L’agente orange, ovvero l’ultimo emissario del capitalismo finanziario internazionale sul terreno della previdenza, riesce finalmente a far decollare l’operazione busta arancione, volta a notificare senza possibilità di scampo a milioni di lavoratori e lavoratrici del nostro paese che quella che li aspetta fra trent’anni è una pensione da fame, nel senso letterale del termine.
Intanto, per cominciare, un piccolo contributo a questo risultato viene subito fornito con la spesa di non meno di 50 milioni di euro per questa operazione di terrorismo previdenziale camuffata da campagna di corretta informazione. Un Istituto Nazionale della Previdenza Sociale con una governance sempre più improbabile: dopo la riforma attuata dal centrodestra berlusconiano del suo assetto istituzionale, con una presidenza che si porta appresso un direttore generale sprovvisto dei requisiti di legge, autosospesosi dal mese scorso dopo l’accertamento di un’omissione contributiva di 40 milioni di euro dell’Enel di cui è stato direttore del personale per un decennio. Ebbene, codesto Istituto Nazionale non trova di meglio, a vent’anni dall’esordio della previdenza integrativa sussidiata e cogestita, che riproporre ancora una volta il cosiddetto secondo pilastro previdenziale. Questa volta, però, lo fa in una logica di ricatto puro che non è più possibile dissimulare: a quanti sono già iscritti ai fondi integrativi di categoria dopo l’entrata in vigore della legge Dini del 1995 (poco meno di 5 milioni, che rimangono tali perché per legge non possono più ritirare la loro adesione) si vogliono aggiungere altri lavoratori. A loro – dopo il fallimento lo scorso anno dell’operazione diversiva «TFR in busta paga», con annessa «piccola rapina fiscale» del governo – si vuole propinare un’ulteriore bubbola che in realtà dovrebbe servire a supportare il processo di costruzione del welfare aziendale, detto anche di secondo livello, integrando l’azione concertativa di Confindustria e sindacati confederali impegnati nella riforma della contrattazione, vale a dire per l’appunto la sua aziendalizzazione.

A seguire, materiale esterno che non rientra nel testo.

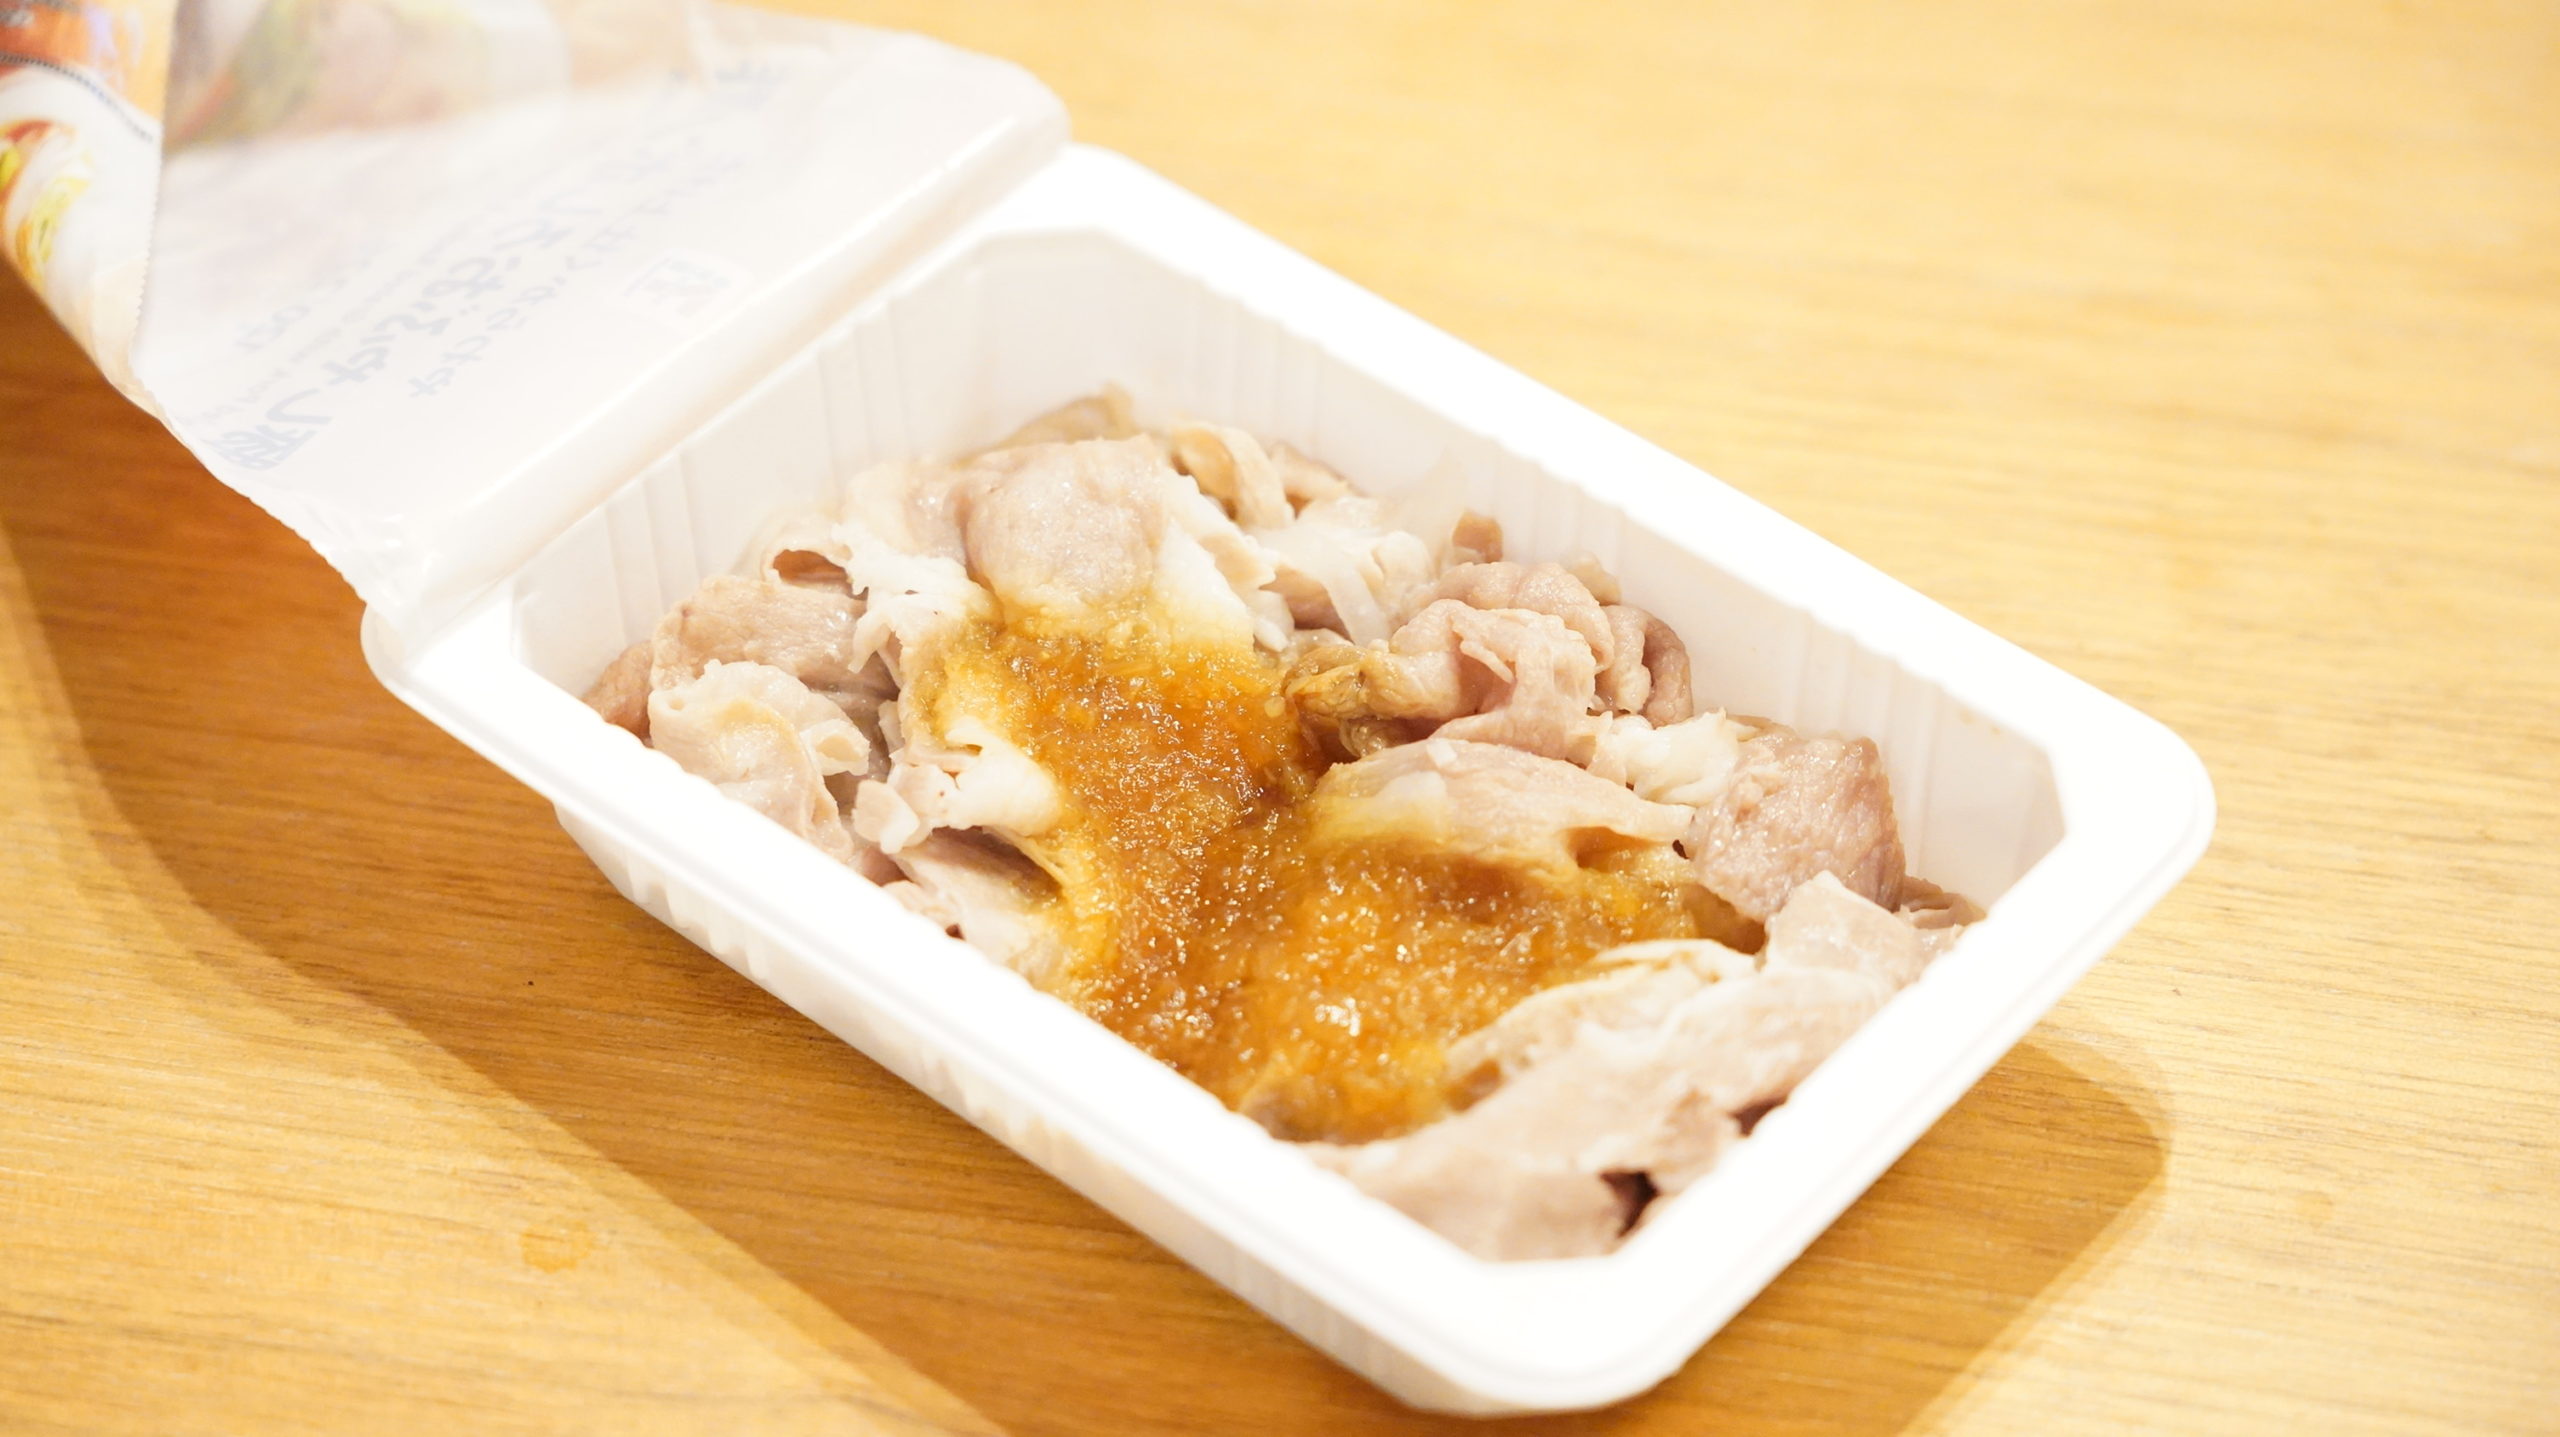 セブンイレブンの冷凍食品「やわらかく仕上げた豚しゃぶおろしポン酢」のパッケージ内部の写真

D’altra parte, evidentemente, anche sul versante pensionistico si vogliono incassare risultati congrui alle azioni governative sul fronte della precarizzazione e della svalutazione del lavoro. Dopo aver venduto oltre 110 milioni di voucher nel 2015 e più di 9 milioni nel solo gennaio 2016, a suggello di tali devastanti risultati si punta a una nuova riforma delle pensioni che chiuda definitivamente la partita della socializzazione del loro costo. L’attacco al lavoro è sempre più esteso e determinato, gli ammortizzatori sociali storici si estingueranno quest’anno lasciando on the road centinaia di migliaia di dipendenti ultracinquantenni in massima parte: la tentazione di chiudere politicamente il conto è forte e i margini per eludere lo scontro vanno esaurendosi. Non va dimenticato, si parva licet, che l’agente orange non è riuscito a impedire la sconfitta statunitense in Vietnam. Una mossa come la busta arancione di massa potrebbe risultare la goccia che fa traboccare il vaso per milioni di precarie, operai e migranti: c’è un limite alle provocazioni dissimulate dalla neolingua della finanza globale.